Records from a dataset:
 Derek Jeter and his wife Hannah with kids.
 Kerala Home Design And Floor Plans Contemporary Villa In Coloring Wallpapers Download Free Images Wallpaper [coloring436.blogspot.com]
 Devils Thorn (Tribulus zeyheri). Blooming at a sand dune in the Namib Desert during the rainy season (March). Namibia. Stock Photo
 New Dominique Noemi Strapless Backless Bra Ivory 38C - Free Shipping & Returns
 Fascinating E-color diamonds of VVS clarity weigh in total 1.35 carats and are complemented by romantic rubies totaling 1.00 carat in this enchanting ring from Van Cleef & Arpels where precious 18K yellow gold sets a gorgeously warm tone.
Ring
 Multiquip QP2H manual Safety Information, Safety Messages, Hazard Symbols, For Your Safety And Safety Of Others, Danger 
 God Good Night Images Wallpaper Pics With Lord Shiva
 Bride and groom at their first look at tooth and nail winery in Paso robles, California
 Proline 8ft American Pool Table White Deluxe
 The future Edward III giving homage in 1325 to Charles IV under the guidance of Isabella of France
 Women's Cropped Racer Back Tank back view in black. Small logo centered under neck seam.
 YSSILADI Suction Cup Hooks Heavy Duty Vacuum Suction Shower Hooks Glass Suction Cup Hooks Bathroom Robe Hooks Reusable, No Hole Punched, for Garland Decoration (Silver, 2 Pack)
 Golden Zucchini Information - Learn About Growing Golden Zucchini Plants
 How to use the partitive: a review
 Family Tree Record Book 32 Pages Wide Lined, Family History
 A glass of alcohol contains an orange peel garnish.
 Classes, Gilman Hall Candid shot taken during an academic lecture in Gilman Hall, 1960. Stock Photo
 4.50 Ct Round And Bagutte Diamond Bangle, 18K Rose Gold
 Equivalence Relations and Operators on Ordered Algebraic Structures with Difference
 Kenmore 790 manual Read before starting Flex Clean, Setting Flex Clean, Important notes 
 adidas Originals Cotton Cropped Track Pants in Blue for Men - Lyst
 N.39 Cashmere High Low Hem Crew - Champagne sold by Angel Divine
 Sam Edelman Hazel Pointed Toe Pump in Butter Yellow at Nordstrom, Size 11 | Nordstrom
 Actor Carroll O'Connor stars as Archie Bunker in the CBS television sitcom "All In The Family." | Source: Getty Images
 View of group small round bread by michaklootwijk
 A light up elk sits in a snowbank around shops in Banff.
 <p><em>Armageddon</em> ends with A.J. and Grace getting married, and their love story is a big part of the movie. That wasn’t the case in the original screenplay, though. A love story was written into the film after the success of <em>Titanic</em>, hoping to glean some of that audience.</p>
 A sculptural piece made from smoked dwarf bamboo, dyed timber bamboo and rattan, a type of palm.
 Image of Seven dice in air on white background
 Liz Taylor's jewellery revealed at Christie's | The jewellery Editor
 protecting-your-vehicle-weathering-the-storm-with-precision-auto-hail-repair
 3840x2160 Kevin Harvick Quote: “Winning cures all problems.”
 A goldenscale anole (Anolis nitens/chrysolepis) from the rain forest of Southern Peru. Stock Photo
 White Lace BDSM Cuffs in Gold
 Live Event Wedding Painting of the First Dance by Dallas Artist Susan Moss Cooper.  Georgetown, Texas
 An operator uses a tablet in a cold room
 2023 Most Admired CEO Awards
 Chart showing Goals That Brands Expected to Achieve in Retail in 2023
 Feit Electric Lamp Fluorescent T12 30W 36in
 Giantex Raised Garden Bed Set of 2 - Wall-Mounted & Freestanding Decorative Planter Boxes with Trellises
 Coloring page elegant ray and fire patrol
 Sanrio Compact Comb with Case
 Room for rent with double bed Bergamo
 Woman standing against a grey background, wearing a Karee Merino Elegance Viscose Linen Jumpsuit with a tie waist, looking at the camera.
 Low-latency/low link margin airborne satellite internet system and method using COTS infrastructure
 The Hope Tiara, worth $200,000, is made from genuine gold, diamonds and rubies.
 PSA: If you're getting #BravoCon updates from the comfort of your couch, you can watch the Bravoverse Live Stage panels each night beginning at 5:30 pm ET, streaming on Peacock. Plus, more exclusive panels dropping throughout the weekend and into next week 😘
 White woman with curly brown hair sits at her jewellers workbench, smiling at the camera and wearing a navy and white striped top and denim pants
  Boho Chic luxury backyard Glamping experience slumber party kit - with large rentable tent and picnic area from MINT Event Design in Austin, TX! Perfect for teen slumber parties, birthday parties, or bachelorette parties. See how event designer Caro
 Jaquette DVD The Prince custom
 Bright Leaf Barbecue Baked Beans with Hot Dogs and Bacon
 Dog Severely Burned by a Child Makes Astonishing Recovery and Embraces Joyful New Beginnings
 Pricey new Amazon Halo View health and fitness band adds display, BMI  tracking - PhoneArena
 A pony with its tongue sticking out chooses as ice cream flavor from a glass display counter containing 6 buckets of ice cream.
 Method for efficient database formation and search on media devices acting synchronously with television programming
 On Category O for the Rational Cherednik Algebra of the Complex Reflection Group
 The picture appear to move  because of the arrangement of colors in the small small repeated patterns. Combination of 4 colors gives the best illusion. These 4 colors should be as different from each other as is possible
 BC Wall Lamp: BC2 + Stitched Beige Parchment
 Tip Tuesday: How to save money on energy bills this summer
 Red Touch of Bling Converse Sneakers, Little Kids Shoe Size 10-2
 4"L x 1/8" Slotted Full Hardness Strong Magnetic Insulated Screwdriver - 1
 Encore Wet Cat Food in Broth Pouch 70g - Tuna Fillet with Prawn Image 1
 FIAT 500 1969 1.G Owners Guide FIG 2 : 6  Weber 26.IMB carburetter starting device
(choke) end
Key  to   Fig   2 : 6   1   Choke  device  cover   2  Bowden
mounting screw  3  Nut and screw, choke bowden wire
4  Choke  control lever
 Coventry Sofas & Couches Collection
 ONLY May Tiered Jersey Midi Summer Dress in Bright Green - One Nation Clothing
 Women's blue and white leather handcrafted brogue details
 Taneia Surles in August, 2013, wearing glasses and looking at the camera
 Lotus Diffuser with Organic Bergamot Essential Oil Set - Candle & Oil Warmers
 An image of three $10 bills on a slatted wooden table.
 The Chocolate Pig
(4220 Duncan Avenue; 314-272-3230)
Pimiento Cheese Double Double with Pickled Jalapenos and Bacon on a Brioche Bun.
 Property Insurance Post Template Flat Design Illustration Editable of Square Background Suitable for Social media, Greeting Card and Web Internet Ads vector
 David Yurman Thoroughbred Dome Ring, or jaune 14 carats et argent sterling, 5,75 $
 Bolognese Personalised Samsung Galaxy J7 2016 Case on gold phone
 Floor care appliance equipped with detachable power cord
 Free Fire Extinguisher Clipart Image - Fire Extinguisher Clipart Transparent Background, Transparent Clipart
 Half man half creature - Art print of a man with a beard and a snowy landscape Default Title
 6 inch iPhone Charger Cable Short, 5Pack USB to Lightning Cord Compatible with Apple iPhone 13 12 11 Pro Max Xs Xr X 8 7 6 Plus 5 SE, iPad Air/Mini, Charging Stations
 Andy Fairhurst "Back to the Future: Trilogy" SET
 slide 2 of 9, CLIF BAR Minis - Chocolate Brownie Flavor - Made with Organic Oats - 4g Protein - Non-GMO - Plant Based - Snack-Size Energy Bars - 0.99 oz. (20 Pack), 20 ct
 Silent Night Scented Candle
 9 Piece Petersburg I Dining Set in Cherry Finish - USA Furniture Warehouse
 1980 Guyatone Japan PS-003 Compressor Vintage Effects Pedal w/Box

Exercise aim: Return the whole of the data, character for character.

Task result:
 Derek Jeter and his wife Hannah with kids.
 Kerala Home Design And Floor Plans Contemporary Villa In Coloring Wallpapers Download Free Images Wallpaper [coloring436.blogspot.com]
 Devils Thorn (Tribulus zeyheri). Blooming at a sand dune in the Namib Desert during the rainy season (March). Namibia. Stock Photo
 New Dominique Noemi Strapless Backless Bra Ivory 38C - Free Shipping & Returns
 Fascinating E-color diamonds of VVS clarity weigh in total 1.35 carats and are complemented by romantic rubies totaling 1.00 carat in this enchanting ring from Van Cleef & Arpels where precious 18K yellow gold sets a gorgeously warm tone.
Ring
 Multiquip QP2H manual Safety Information, Safety Messages, Hazard Symbols, For Your Safety And Safety Of Others, Danger 
 God Good Night Images Wallpaper Pics With Lord Shiva
 Bride and groom at their first look at tooth and nail winery in Paso robles, California
 Proline 8ft American Pool Table White Deluxe
 The future Edward III giving homage in 1325 to Charles IV under the guidance of Isabella of France
 Women's Cropped Racer Back Tank back view in black. Small logo centered under neck seam.
 YSSILADI Suction Cup Hooks Heavy Duty Vacuum Suction Shower Hooks Glass Suction Cup Hooks Bathroom Robe Hooks Reusable, No Hole Punched, for Garland Decoration (Silver, 2 Pack)
 Golden Zucchini Information - Learn About Growing Golden Zucchini Plants
 How to use the partitive: a review
 Family Tree Record Book 32 Pages Wide Lined, Family History
 A glass of alcohol contains an orange peel garnish.
 Classes, Gilman Hall Candid shot taken during an academic lecture in Gilman Hall, 1960. Stock Photo
 4.50 Ct Round And Bagutte Diamond Bangle, 18K Rose Gold
 Equivalence Relations and Operators on Ordered Algebraic Structures with Difference
 Kenmore 790 manual Read before starting Flex Clean, Setting Flex Clean, Important notes 
 adidas Originals Cotton Cropped Track Pants in Blue for Men - Lyst
 N.39 Cashmere High Low Hem Crew - Champagne sold by Angel Divine
 Sam Edelman Hazel Pointed Toe Pump in Butter Yellow at Nordstrom, Size 11 | Nordstrom
 Actor Carroll O'Connor stars as Archie Bunker in the CBS television sitcom "All In The Family." | Source: Getty Images
 View of group small round bread by michaklootwijk
 A light up elk sits in a snowbank around shops in Banff.
 <p><em>Armageddon</em> ends with A.J. and Grace getting married, and their love story is a big part of the movie. That wasn’t the case in the original screenplay, though. A love story was written into the film after the success of <em>Titanic</em>, hoping to glean some of that audience.</p>
 A sculptural piece made from smoked dwarf bamboo, dyed timber bamboo and rattan, a type of palm.
 Image of Seven dice in air on white background
 Liz Taylor's jewellery revealed at Christie's | The jewellery Editor
 protecting-your-vehicle-weathering-the-storm-with-precision-auto-hail-repair
 3840x2160 Kevin Harvick Quote: “Winning cures all problems.”
 A goldenscale anole (Anolis nitens/chrysolepis) from the rain forest of Southern Peru. Stock Photo
 White Lace BDSM Cuffs in Gold
 Live Event Wedding Painting of the First Dance by Dallas Artist Susan Moss Cooper.  Georgetown, Texas
 An operator uses a tablet in a cold room
 2023 Most Admired CEO Awards
 Chart showing Goals That Brands Expected to Achieve in Retail in 2023
 Feit Electric Lamp Fluorescent T12 30W 36in
 Giantex Raised Garden Bed Set of 2 - Wall-Mounted & Freestanding Decorative Planter Boxes with Trellises
 Coloring page elegant ray and fire patrol
 Sanrio Compact Comb with Case
 Room for rent with double bed Bergamo
 Woman standing against a grey background, wearing a Karee Merino Elegance Viscose Linen Jumpsuit with a tie waist, looking at the camera.
 Low-latency/low link margin airborne satellite internet system and method using COTS infrastructure
 The Hope Tiara, worth $200,000, is made from genuine gold, diamonds and rubies.
 PSA: If you're getting #BravoCon updates from the comfort of your couch, you can watch the Bravoverse Live Stage panels each night beginning at 5:30 pm ET, streaming on Peacock. Plus, more exclusive panels dropping throughout the weekend and into next week 😘
 White woman with curly brown hair sits at her jewellers workbench, smiling at the camera and wearing a navy and white striped top and denim pants
  Boho Chic luxury backyard Glamping experience slumber party kit - with large rentable tent and picnic area from MINT Event Design in Austin, TX! Perfect for teen slumber parties, birthday parties, or bachelorette parties. See how event designer Caro
 Jaquette DVD The Prince custom
 Bright Leaf Barbecue Baked Beans with Hot Dogs and Bacon
 Dog Severely Burned by a Child Makes Astonishing Recovery and Embraces Joyful New Beginnings
 Pricey new Amazon Halo View health and fitness band adds display, BMI  tracking - PhoneArena
 A pony with its tongue sticking out chooses as ice cream flavor from a glass display counter containing 6 buckets of ice cream.
 Method for efficient database formation and search on media devices acting synchronously with television programming
 On Category O for the Rational Cherednik Algebra of the Complex Reflection Group
 The picture appear to move  because of the arrangement of colors in the small small repeated patterns. Combination of 4 colors gives the best illusion. These 4 colors should be as different from each other as is possible
 BC Wall Lamp: BC2 + Stitched Beige Parchment
 Tip Tuesday: How to save money on energy bills this summer
 Red Touch of Bling Converse Sneakers, Little Kids Shoe Size 10-2
 4"L x 1/8" Slotted Full Hardness Strong Magnetic Insulated Screwdriver - 1
 Encore Wet Cat Food in Broth Pouch 70g - Tuna Fillet with Prawn Image 1
 FIAT 500 1969 1.G Owners Guide FIG 2 : 6  Weber 26.IMB carburetter starting device
(choke) end
Key  to   Fig   2 : 6   1   Choke  device  cover   2  Bowden
mounting screw  3  Nut and screw, choke bowden wire
4  Choke  control lever
 Coventry Sofas & Couches Collection
 ONLY May Tiered Jersey Midi Summer Dress in Bright Green - One Nation Clothing
 Women's blue and white leather handcrafted brogue details
 Taneia Surles in August, 2013, wearing glasses and looking at the camera
 Lotus Diffuser with Organic Bergamot Essential Oil Set - Candle & Oil Warmers
 An image of three $10 bills on a slatted wooden table.
 The Chocolate Pig
(4220 Duncan Avenue; 314-272-3230)
Pimiento Cheese Double Double with Pickled Jalapenos and Bacon on a Brioche Bun.
 Property Insurance Post Template Flat Design Illustration Editable of Square Background Suitable for Social media, Greeting Card and Web Internet Ads vector
 David Yurman Thoroughbred Dome Ring, or jaune 14 carats et argent sterling, 5,75 $
 Bolognese Personalised Samsung Galaxy J7 2016 Case on gold phone
 Floor care appliance equipped with detachable power cord
 Free Fire Extinguisher Clipart Image - Fire Extinguisher Clipart Transparent Background, Transparent Clipart
 Half man half creature - Art print of a man with a beard and a snowy landscape Default Title
 6 inch iPhone Charger Cable Short, 5Pack USB to Lightning Cord Compatible with Apple iPhone 13 12 11 Pro Max Xs Xr X 8 7 6 Plus 5 SE, iPad Air/Mini, Charging Stations
 Andy Fairhurst "Back to the Future: Trilogy" SET
 slide 2 of 9, CLIF BAR Minis - Chocolate Brownie Flavor - Made with Organic Oats - 4g Protein - Non-GMO - Plant Based - Snack-Size Energy Bars - 0.99 oz. (20 Pack), 20 ct
 Silent Night Scented Candle
 9 Piece Petersburg I Dining Set in Cherry Finish - USA Furniture Warehouse
 1980 Guyatone Japan PS-003 Compressor Vintage Effects Pedal w/Box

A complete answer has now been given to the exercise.